Peaches Were Domesticated in China 7,500 Years Ago

Preserved peach pits reveal the origins of this sweet fruit

Angela Drury/Corbis

Where did peaches originally come from?  New research published in PLOS One suggests that they originated in China’s Yangtze valley 7,500 years ago. 

“Previously, no one knew where peaches were domesticated,” University of Toronto Professor Gary Crawford said in a press release. “None of the botanical literature suggested the Yangtze Valley, although many people thought that it happened somewhere in China.” 

By analyzing the size of peach pits found preserved in archaeological sites across the region, archaeologists were able to pinpoint when peaches became most like their modern counterparts, around 7,500 years ago. 

From the University of Toronto:

Crops such as domesticated peaches indicate that early people weren’t passive in dealing with the environment. Not only did they understand grain production, but the woodlands and certain trees were being manipulated early on.

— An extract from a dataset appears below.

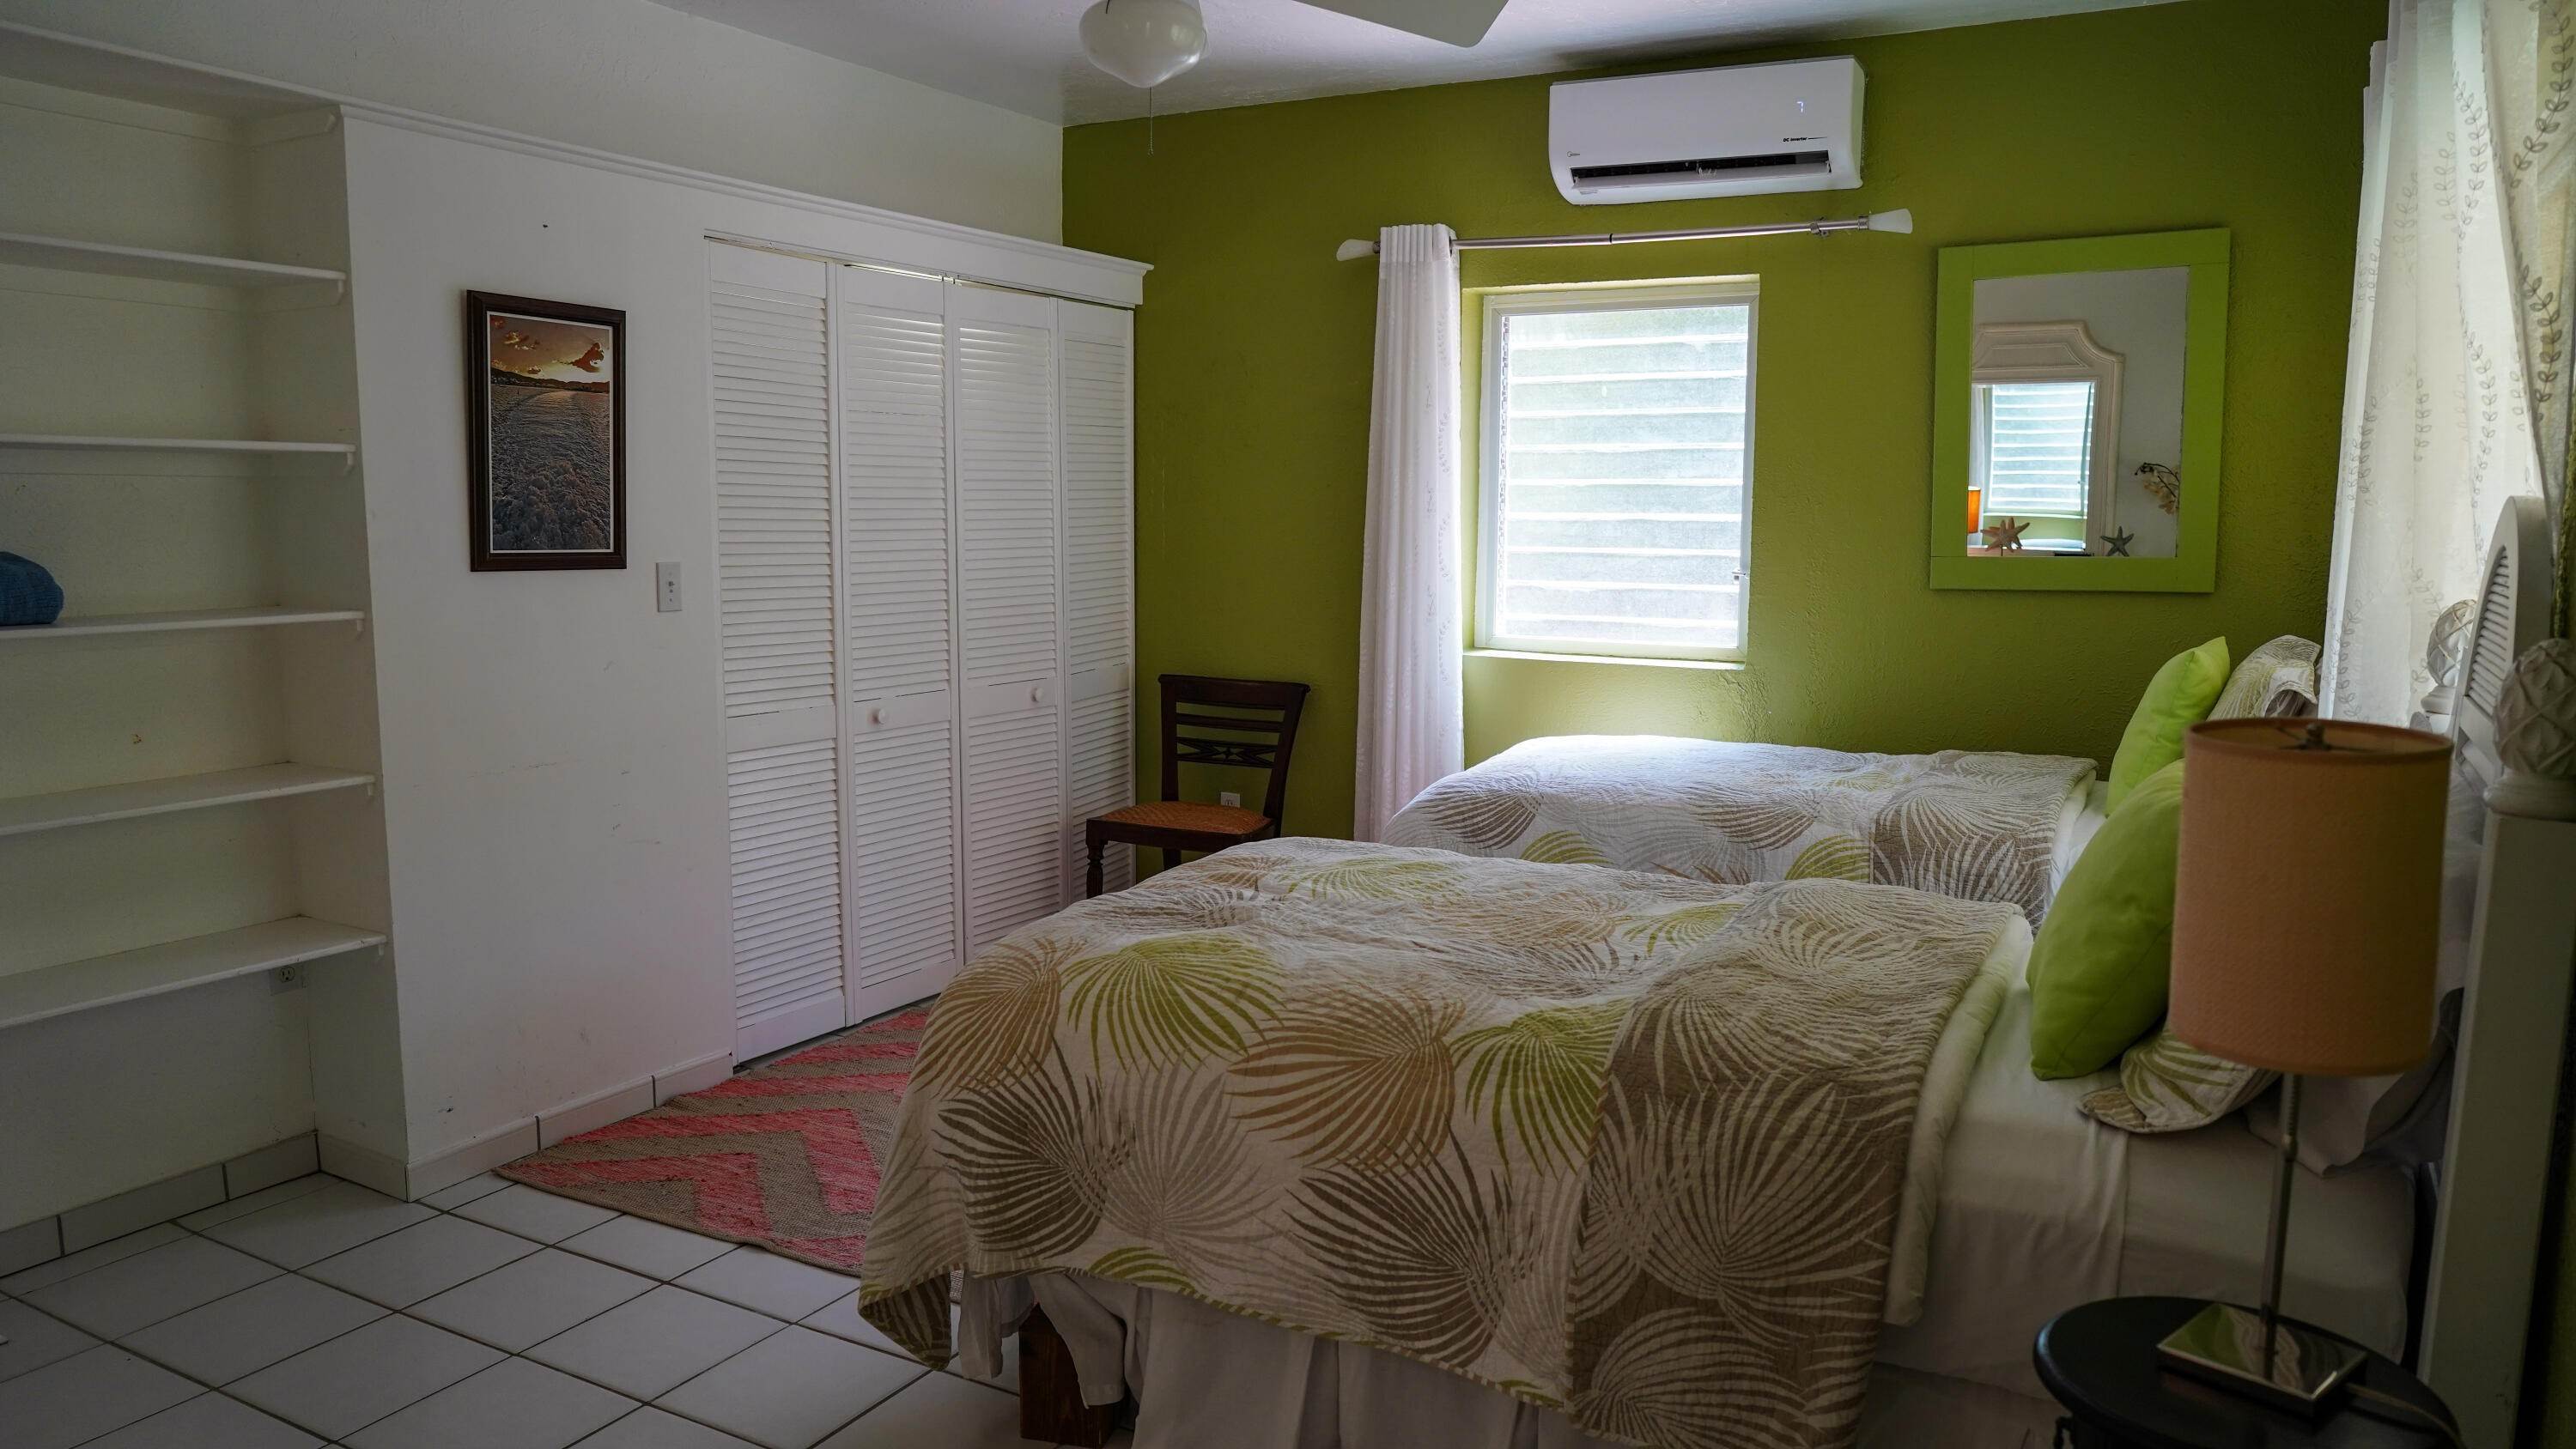 49. Single Family Homes for Sale at 7 North Slob EB St Croix, Virgin Islands 00820 United States Virgin Islands

“There is a general sense that people in the past were not as smart as we are,” said Crawford. “The reality is that they were modern humans with the brain capacity and talents that we have now.”

Of course, the shift from wild to cultivated peaches didn’t happen overnight. The ancient farmers cultivated peaches that were larger and had a longer growing season than their wild counterparts. The researchers estimate that it took about 3,000 years for peaches to get to their desired form. (And it was only another few thousand after that they made it onto municipal architecture.)